The new regulation would mean that the federal government could store DNA samples of people who are not guilty of any crime, said Jesselyn McCurdy, legislative counsel for the American Civil Liberties Union.

"Now innocent people's DNA will be put into this huge CODIS database, and it will be very difficult for them to get it out if they are not charged or convicted of a crime," McCurdy said.

If a person is arrested but not convicted, he or she can ask the Justice Department to destroy the sample.

The Homeland Security Department the federal agency charged with policing immigration supports the new rule.

"DNA is a proven law-enforcement tool," DHS spokesman Russ Knocke said.

The rule would not allow for DNA samples to be collected from immigrants who are legally in the United States or those being processed for admission, unless the person was arrested.

The proposed rule is being published in the Federal Register. That will be followed by a 30-day comment period.

gnoll 04-17-2008 12:24 PM

i have never been arrested so i think this is a great way to solve crimes

HankStone 04-17-2008 02:11 PM

I "think" giving DNA is a good idea for the average Citizen,see LEOs/Judge it wasn't me now back off.

I also "think" in time it will be part of our personal identification??

Dillinger 04-17-2008 02:22 PM

On the surface this sounds like a great idea, but CODIS isn't even linked to all the states that have similar methods of sampling now.

There was a place in Nebraska or Texas that I saw a Forensics Files on that had checked CODIS for a match on an unsolved crime, only to let the "suspected" killer walk and find out after he re-offended that the department where he was sampled prior had not uploaded his sample previously. If they uploaded, he would have been found out when he was caught for the first murder and not allowed to walk & re-offend.

If the government can guarentee that ALL the samples will be available and uploaded, almost immediately, then I think this would be a very powerful tool in the interest of closing cases and punishing the guilty. However, judging by the level of commitment to CODIS now, I don't see that happening.

I am all for locking up the bad guys, since executing them doesn't seem to be popular anymore, so any tool that takes them off the streets and keeps them off - I am for it.

That said, the justice system needs to be overhauled to insure these guys are put away for good, preferably in some gladiator academy where they can kill each other off.

Anyone know where I can rent a chopper and get my hands on a few thousand sharp instruments? Fly over the exercise yard, make one big dump, pull the guards out and let the prisioners thin themselves out.

Anyone else think that plan would work? :cool:

notdku 04-18-2008 05:38 PM

What happened to the threads?
 
The database got corrupted yesterday so I have to load a backup of the forum from the previous night. Some threads got corrupted. All should be well now! :)

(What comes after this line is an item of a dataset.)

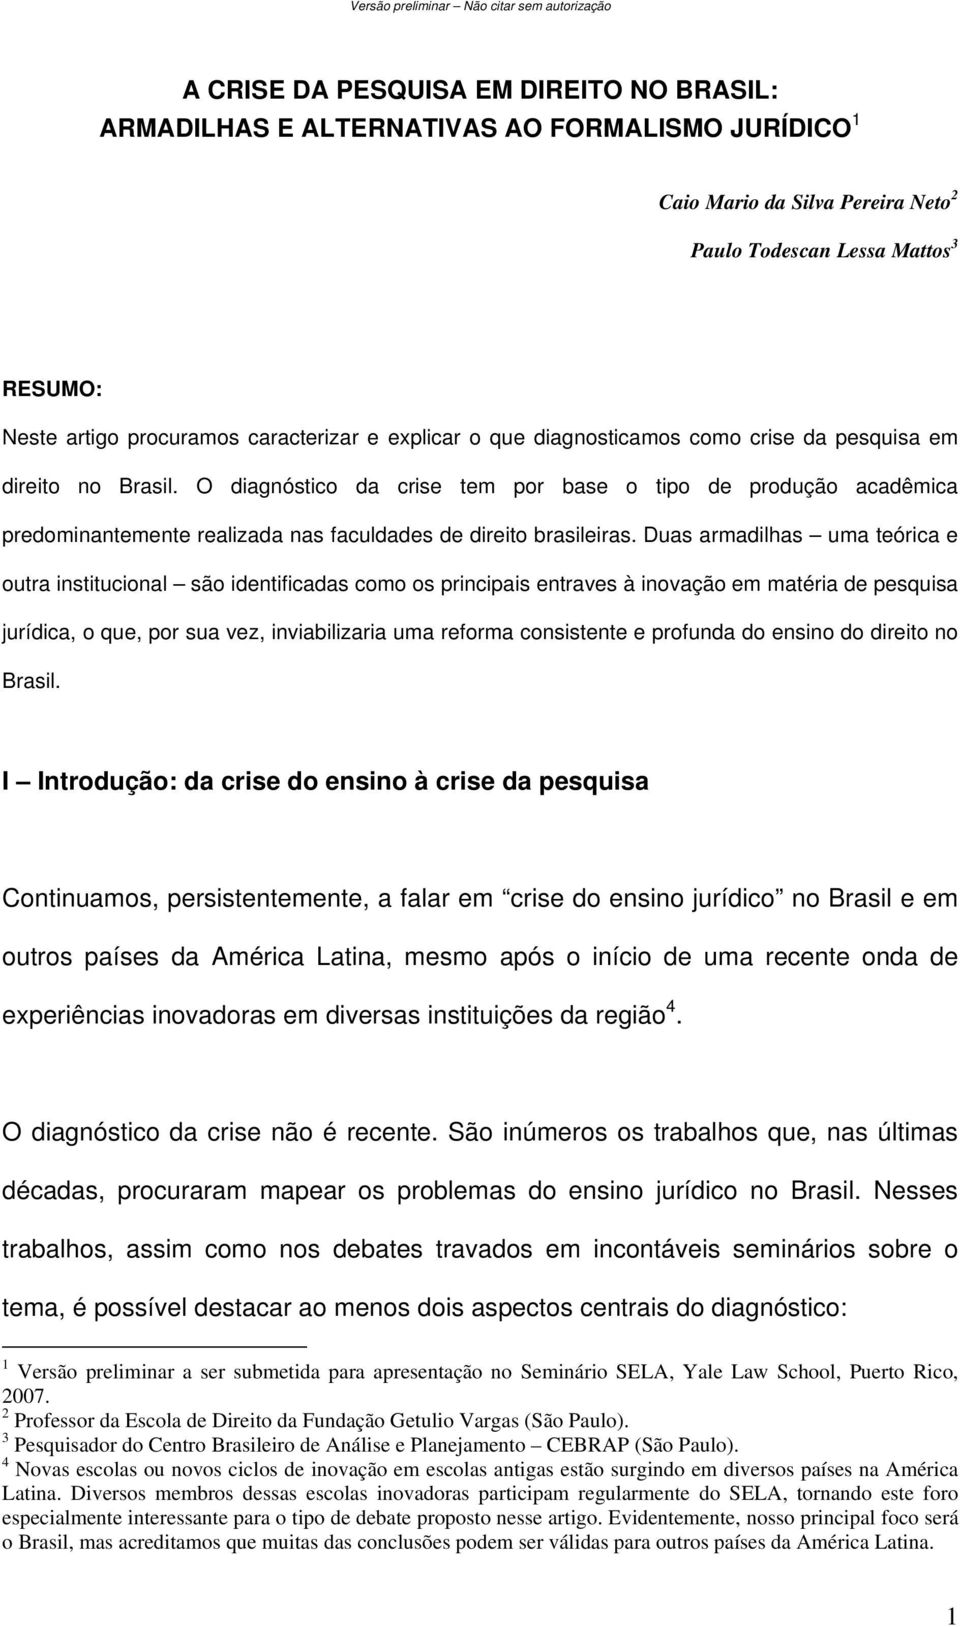 O diagnóstico da crise tem por base o tipo de produção acadêmica predominantemente realizada nas faculdades de direito brasileiras.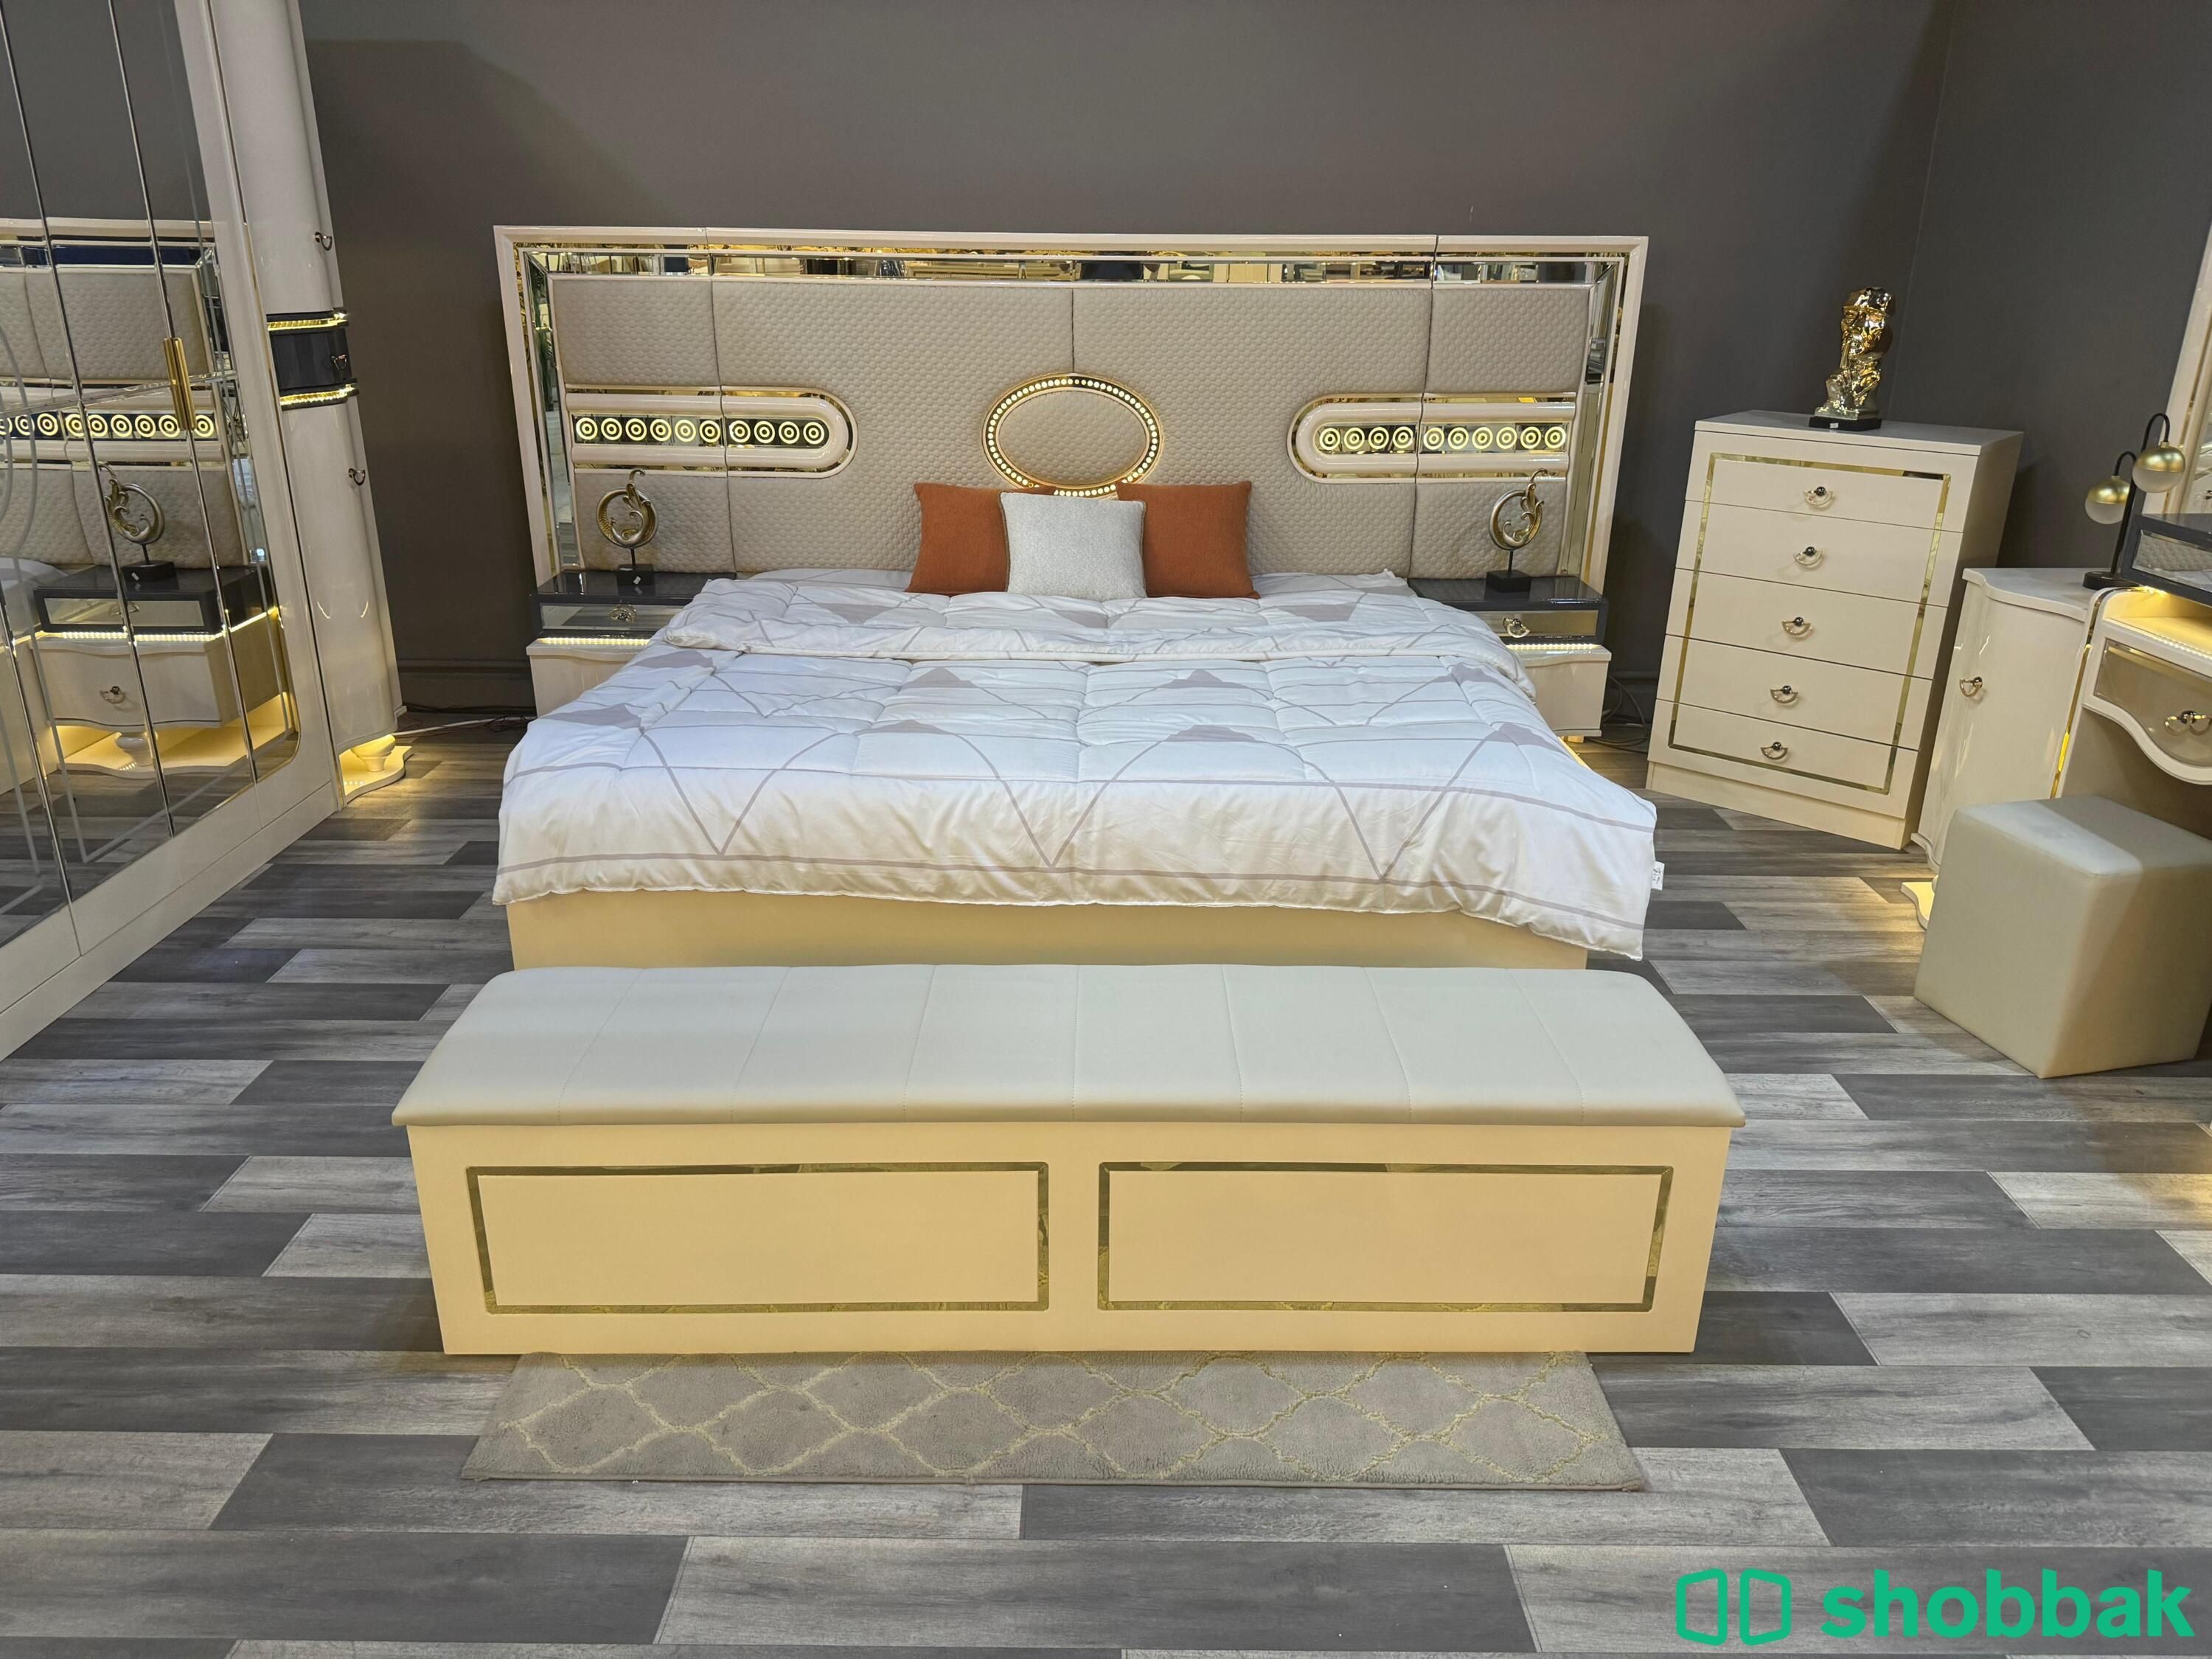 غرفة نوم جديدة بتصميم مميز Shobbak Saudi Arabia

Dillinger 04-18-2008 06:15 PM

Thank you for the explanation and the diligence on our behalf. :D

D

hillbilly68 04-19-2008 06:09 AM

OK, I guess I am just ignorant of what does and does not go on in the criminal justice world. I thought that they were already doing this (collecting DNA form convicted). I am shocked that they were not. As for those that are detained foreigners - who cares. They are not US citizens. Those citizens that are arrested then proven innocent, not sure what the right answer is.
Don't know if the masses know this or not, but DNA has been collected from all US military members since the early 90s. Think that will ever be removed from the database after service is complete? Nope. And we are typically the test bed for social programs, so it isn't shocking to me that this is moving forward.